Строились. Шли мимо управления оборонных работ, мимо церкви, через мост, на правый берег Свири – туда, где напротив лагеря военнопленных трехэтажный очаг культуры.

Вилхо был педант. В его педагогическом багаже имелось все – от Песталоцци до председателя финского сейма Хаккила. Он говорил цитатами. Длинный его палец при этом выразительно расставлял в воздухе кавычки, запятые, восклицательные знаки.

– Почему, спрашивают его воспитанники, для нас школ не открывают?

Вилхо вытягивает палец, ставит кавычки:

– «В основе всякого знания лежат его элементы (два тычка пальцем): форма, число, слово». Песталоцци.

– Какая форма, господин лейтенант, – солдатская?

– Под формой, – спокойно разъясняет Вилхо, – подразумевается умение измерять, под числом – считать, под словом – говорить. Этого для вас достаточно.

Воспитательную свою миссию Вилхо изложил ясно, кратко:

«Население Восточной Карелии нуждается в настоящее время в суровой руководящей руке постоянного воспитателя». Инструкция Генерального штаба финской армии… Почему, спросите, нужна эта суровая руководящая рука постоянного воспитателя? – снял перчатку и показал эту самую руку. – Отвечаю:

«Русская человеческая масса под руководством цивилизованного человечества могла бы быть очень хорошим военным орудием, из нее можно было бы создать первоклассное колониальное войско. Она будет также прекрасной дешевой рабочей силой, если усердно применять кнут и поддерживать безжалостную дисциплину». Журнал «Суомен кувалехти».

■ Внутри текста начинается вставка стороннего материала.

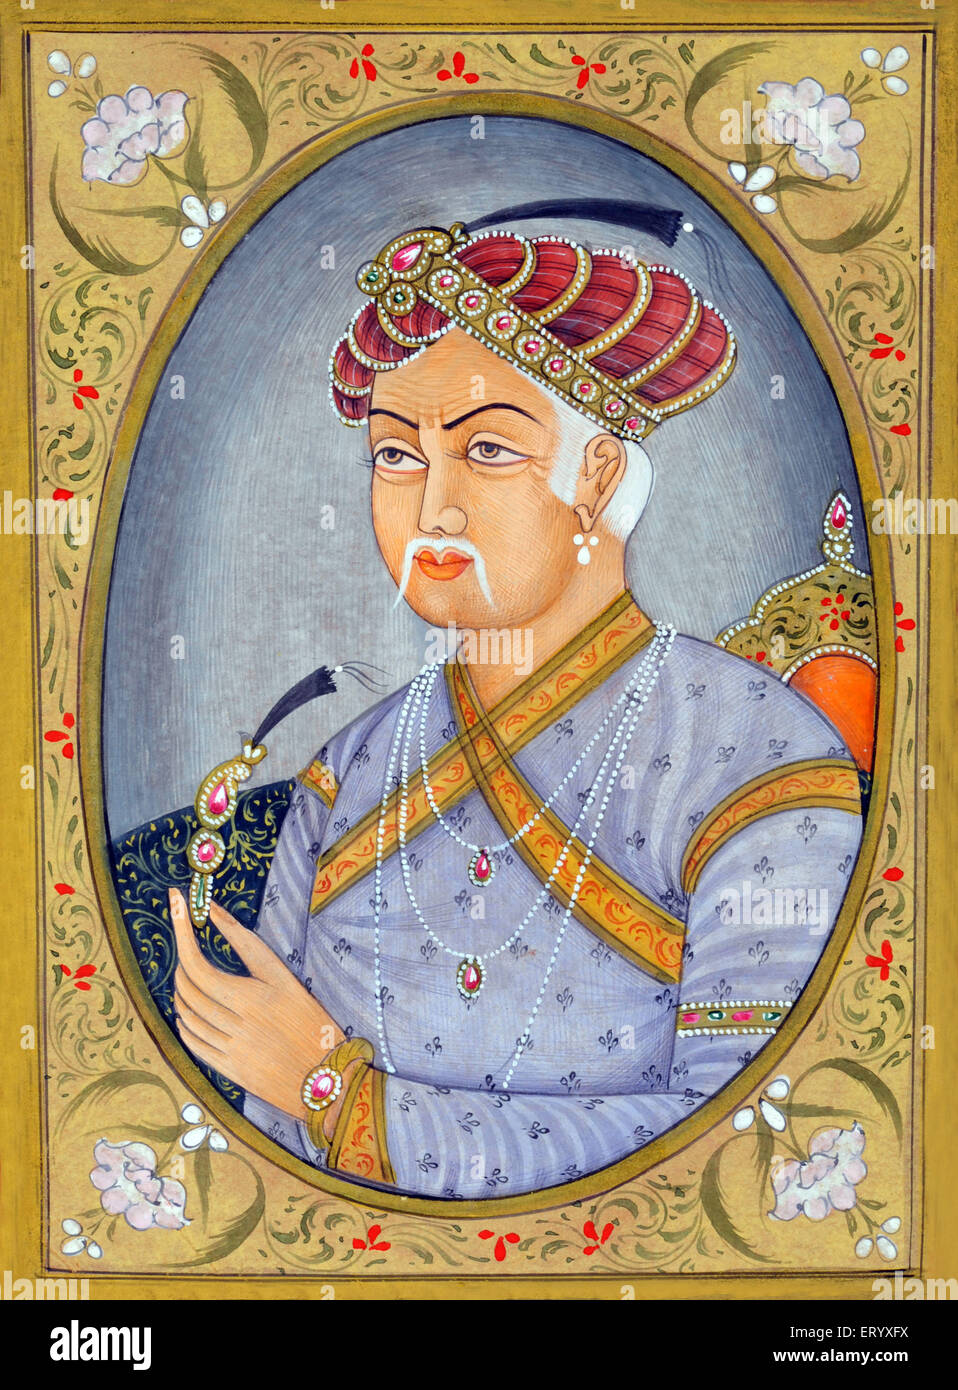 Akbar  Mughul Emperor Miniature painting - Stock Image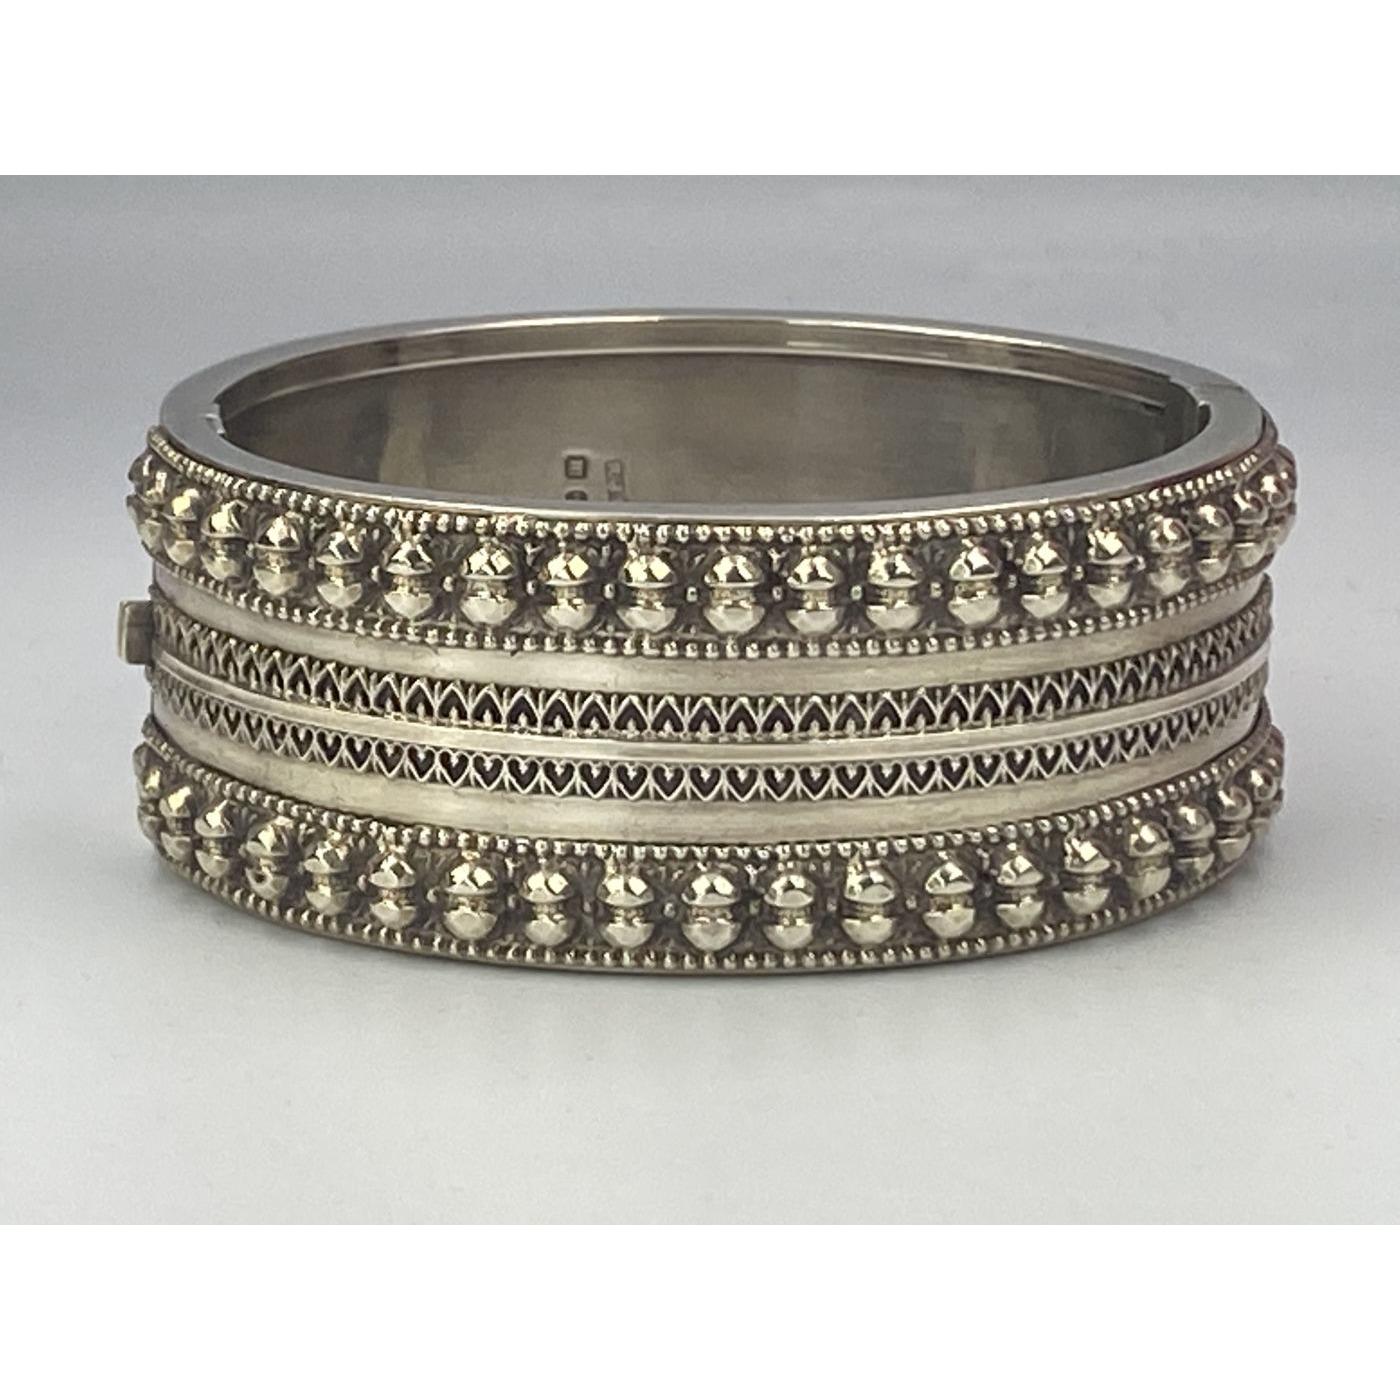 Studded, Beaded, Gallery Work, Geometric English Silver Bangle

– Маразм крепчал! – вежливо резюмировал Бутылкин.

А в общем Вилхо был парень на все сто – достаточно честен, уверен в себе: сказано – воспитано. Внемли ему, мотни головой, и он тебе друг, защитник. Только не обижай его улыбкой. Скептицизм ему чужд, неприятен.

– Бальябин! – выкрикивает Вилхо.

– Бальбин заболевши. С градусником лежит.

– Принеси градусник.

– Так он остынет, господин лейтенант.

– Тогда в окно покажи.

Федя Реполачев бежит. В окне два пальца с градусником. Бальбин перестарался: 39,6.

– Гут, – кивает Вилхо.

Колонна уходит в сумерки. Над мостом косые росчерки ракет. Вдали, за Оштой глухо дышит фронт. Там докрасна раскален закат.

– Разрешите докурить, господин лейтенант, – закашливается Бутылкин.

На крыльце клуба с ним остаются пятеро: Яша Фофанов, Федор, Петр Бутенев, Миша Кузьмин, Кузьма Поликарпов.

– Спокойно, – оглядывается Бутылкин. – Пошли!

Нырнули за угол. Справа темные окна лагеря военнопленных, слева военная комендатура, дом полиции. До бани-прачечной метров семьсот.

В бане-прачечной почти сорок девчат. Гуляют, стервочки, с финнами.

– Катька, говорят, на сносях, – строгий голос Миши Кузьмина. – Мы, ребята, как – будем сразу морды бить или сначала общее собрание?

– Сначала общее собрание, – предупреждает Бутылкин. – Во-первых, которые гуляют, отдельные. Во-вторых, девочки политически заблуждаются. Надо им объяснить, что это дело чреватое.

Кузьма Поликарпов не только глуховат.

– На сносях – это, Серега, как это?

– А вот так: с ней пошутили, она и надулась. Понял? Не понял, вон Бутенев объяснит, он женатый. Тише!

Впереди показался велосипедист. Дороги ему было явно маловато – вихлял. Колесом почти уперся в живот Бутылкина. А Сергей ударом ноги свернул колесо на сторону…

С земли поднимался начальник полицейского участка Пролетарского района Олави Парккинен.

…В участке заколочена досками нижняя половина окна. На стене рядом со схемой Вознесенья неведомо как попавшая сюда «Лунная ночь» Куинджи. За узким столиком сонный капрал писал третью страницу допроса.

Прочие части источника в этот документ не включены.